In my last article I discussed the religious composition of the Supreme Court, both historically and in the present day.  Since I wrote that article, President Obama has nominated current Solicitor General Elena Kagan to replace the retiring Justice John Paul Stevens.  If Kagan is confirmed by the Senate, she will be the eighth Jewish Justice and the third Jewish member of the current Court.  Significantly, Kagan’s confirmation would bring with it something that has never occurred in the history of this country – a “Protestant-less” Court.  Assuming Kagan is confirmed, the Court will soon be comprised of six Catholics and three Jews, religious groups that make up only around twenty four and two percent of the country’s population, respectively.   

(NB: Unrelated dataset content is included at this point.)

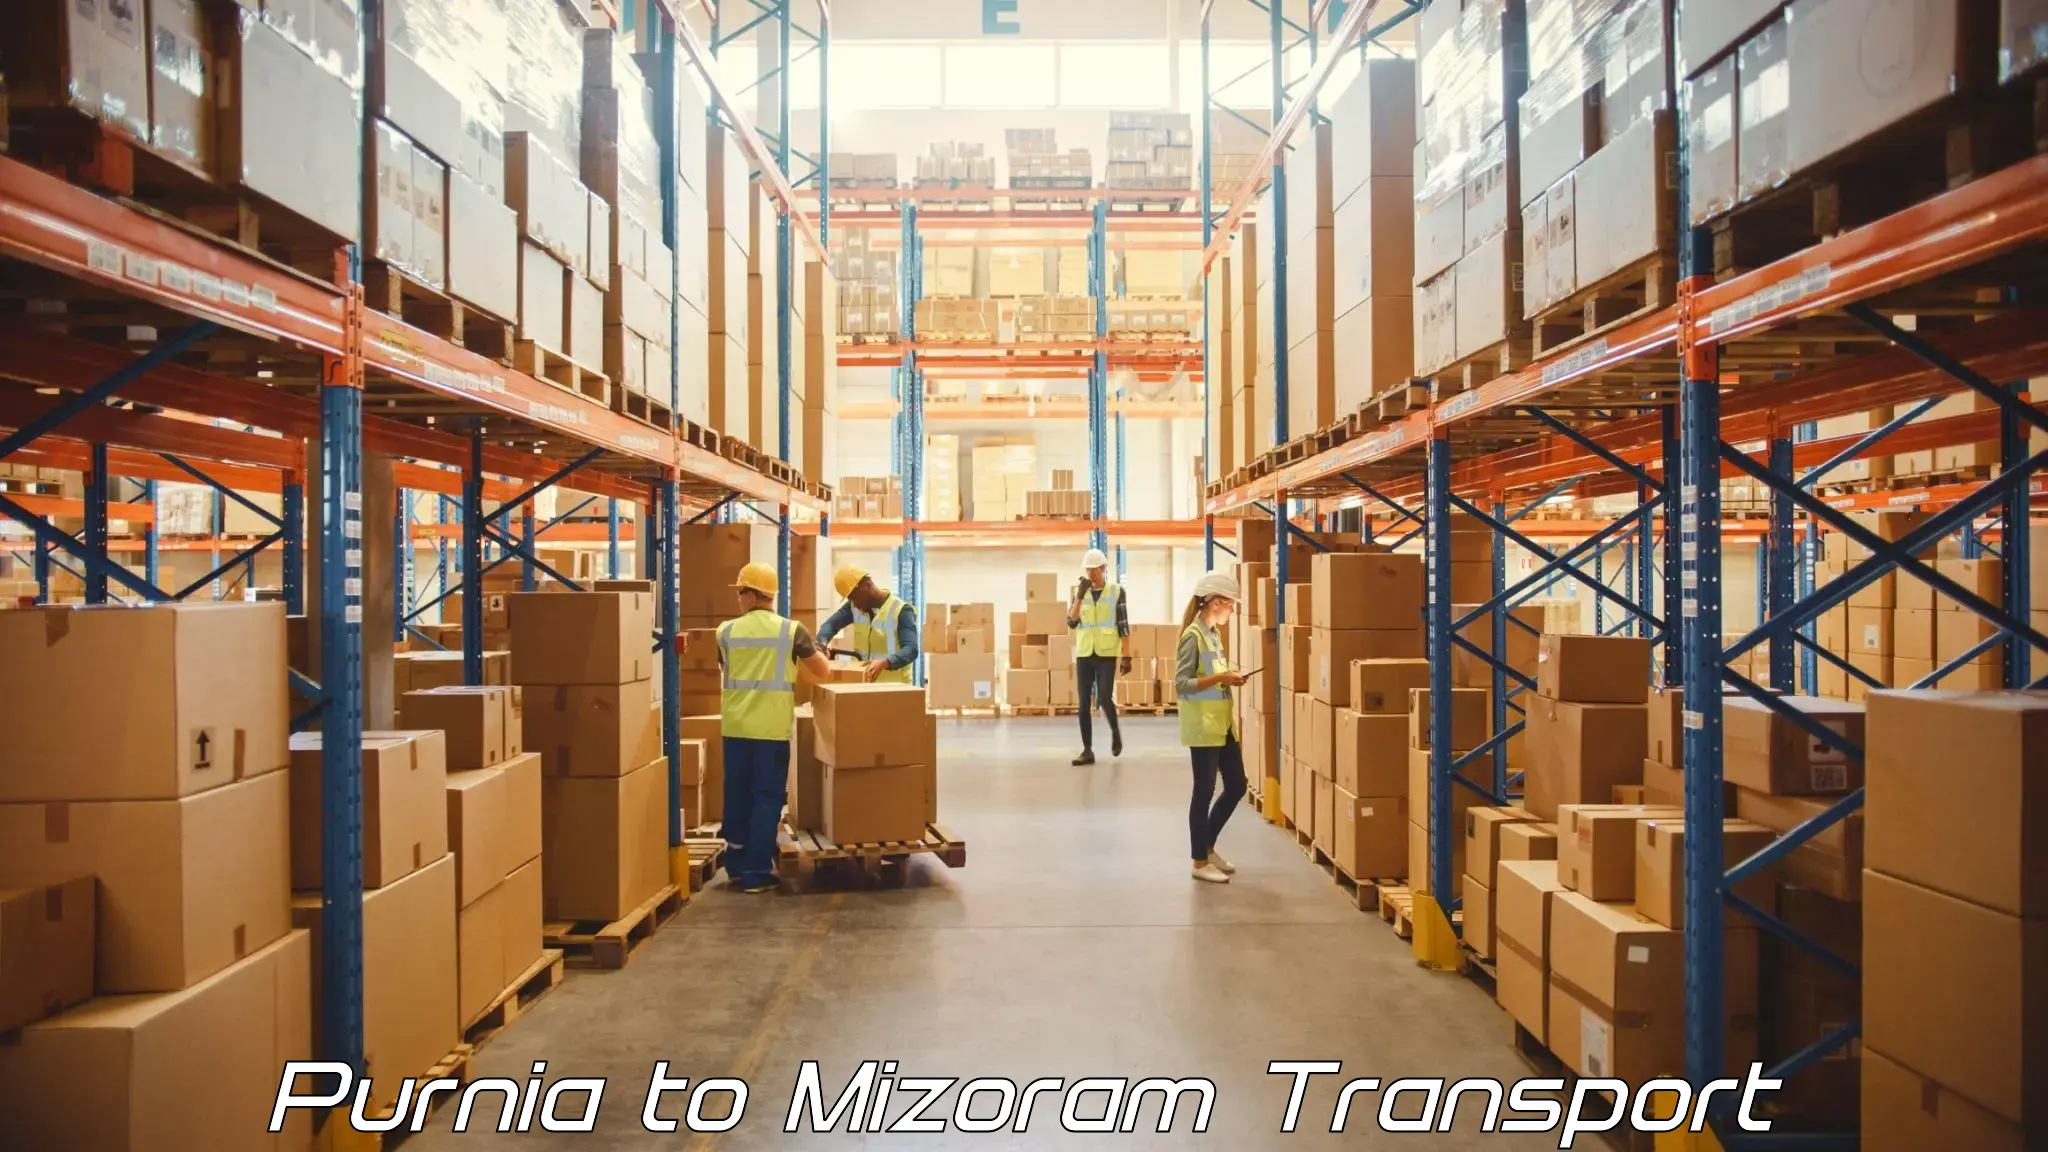 Furniture transport service Purnia to NIT Aizawl

But before one focuses too much on the religious composition of the Court, it is important to examine whether the personal religious affiliations of the Justices really even matter when it comes to the most important aspect of a Justice’s job – ruling on cases before the Court.  Although there are undoubtedly countless methods that might be utilized to determine the correlation between a Justice’s personal religious affiliation and the way in which that Justice might rule on cases before the Court, this article will focus on two hot-button areas of the law that are so intertwined with religious belief that it is often hard, if not impossible, to separate the two—abortion and the death penalty. 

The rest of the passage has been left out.